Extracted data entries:
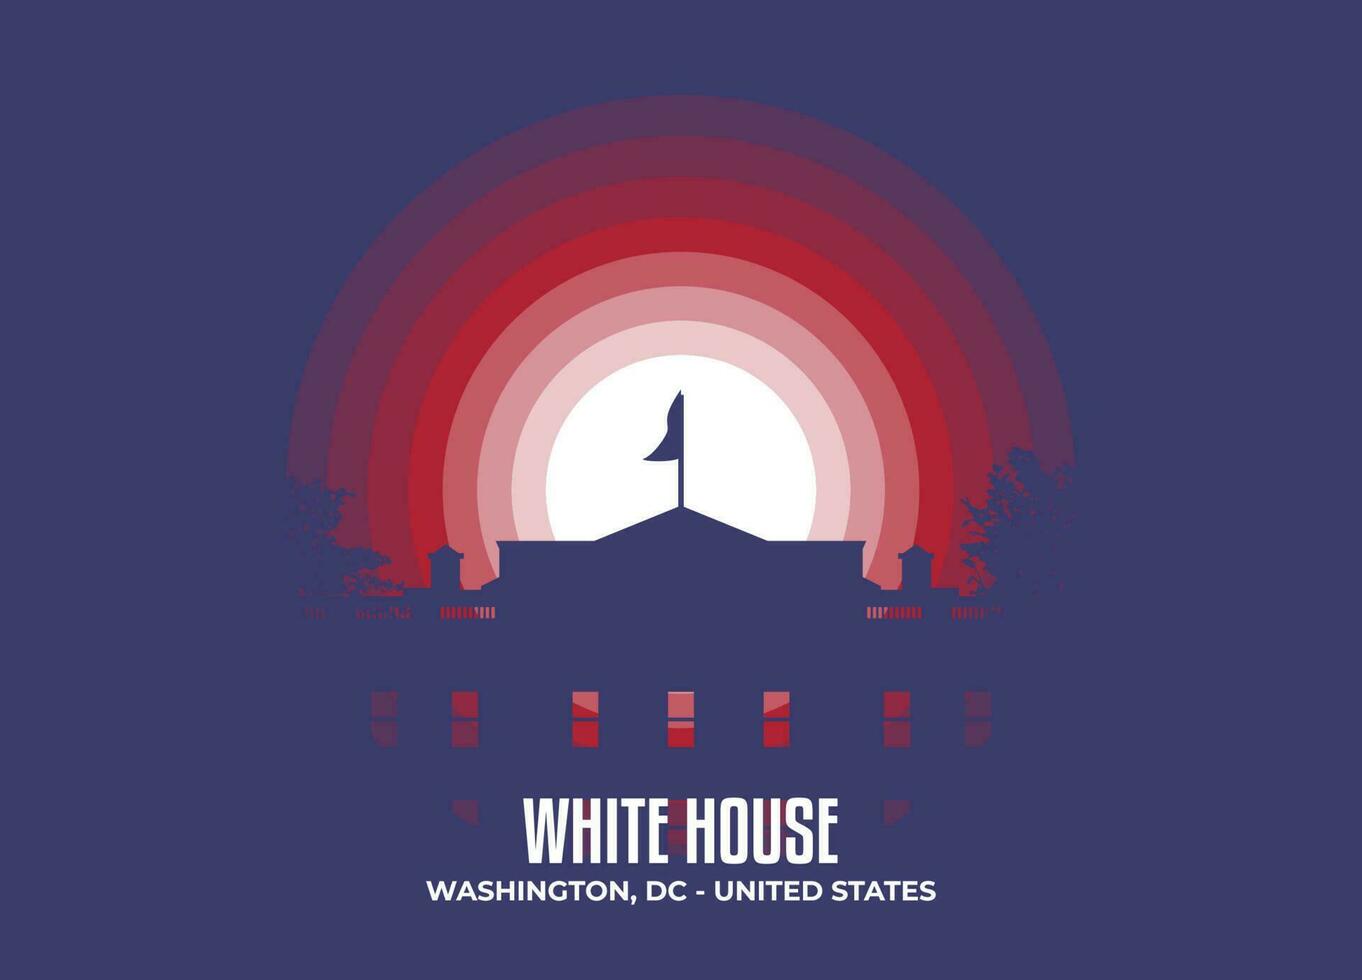 White House. Moonlight illustration of famous historical statue and architecture in United States of America. Color tone based on flag. Vector eps 10
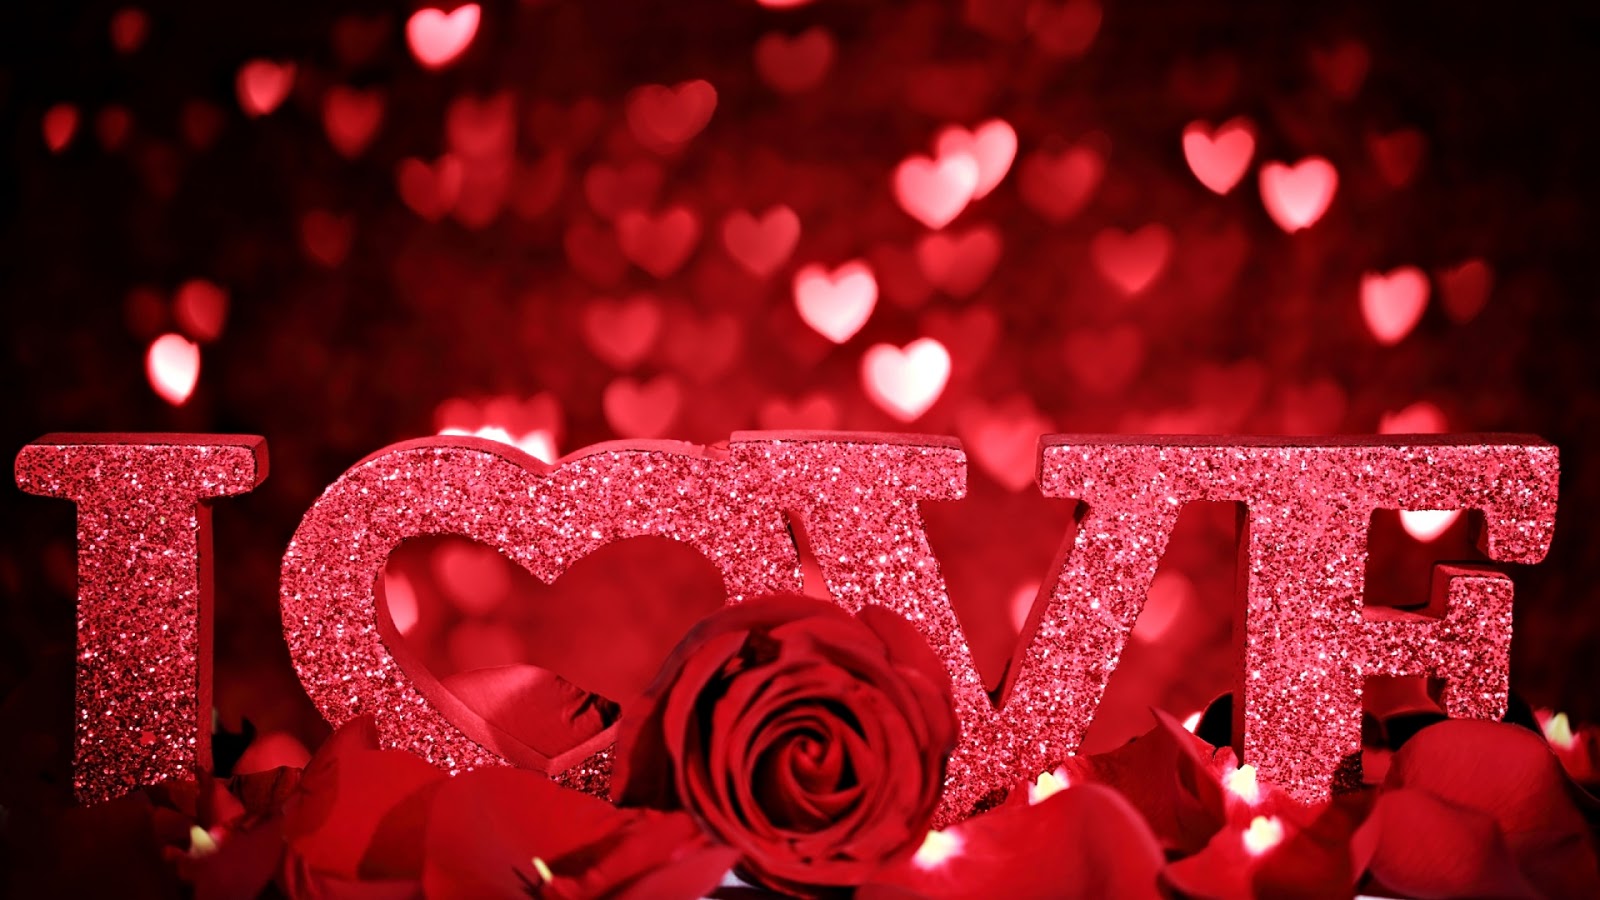 I Love You Heart Images and Desktop Wallpapers Love Pictures
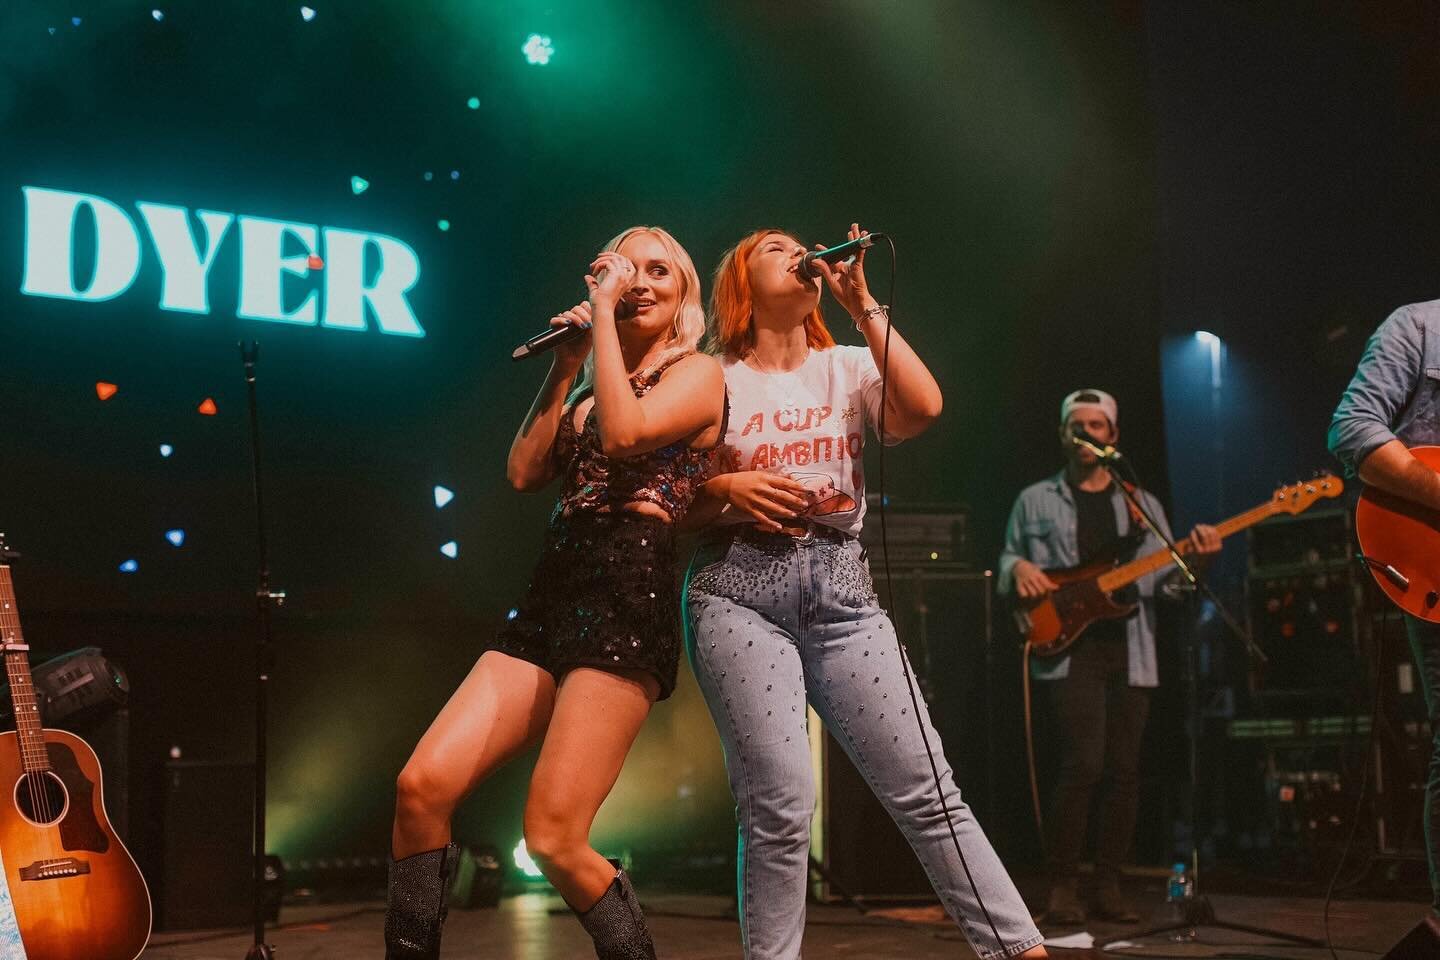 &ldquo;Sammy gets a little flirty when she&rsquo;s sipping on the bubbly&rdquo;. Thanks for writing me in a song gals. Love u and alllll the Dumb Decisions. @melanie_dyer @caitlynshadbolt 🩷🩷

@cmcrocksfest 
Pics: @jakedaveystudios

- TASK REQUIREMENTS:
Return, exactly as they stand, all of the lines above, but not the pictures.

- ANSWER SECTION:
 White House. Moonlight illustration of famous historical statue and architecture in United States of America. Color tone based on flag. Vector eps 10
 I Love You Heart Images and Desktop Wallpapers Love Pictures
 &ldquo;Sammy gets a little flirty when she&rsquo;s sipping on the bubbly&rdquo;. Thanks for writing me in a song gals. Love u and alllll the Dumb Decisions. @melanie_dyer @caitlynshadbolt 🩷🩷

@cmcrocksfest 
Pics: @jakedaveystudios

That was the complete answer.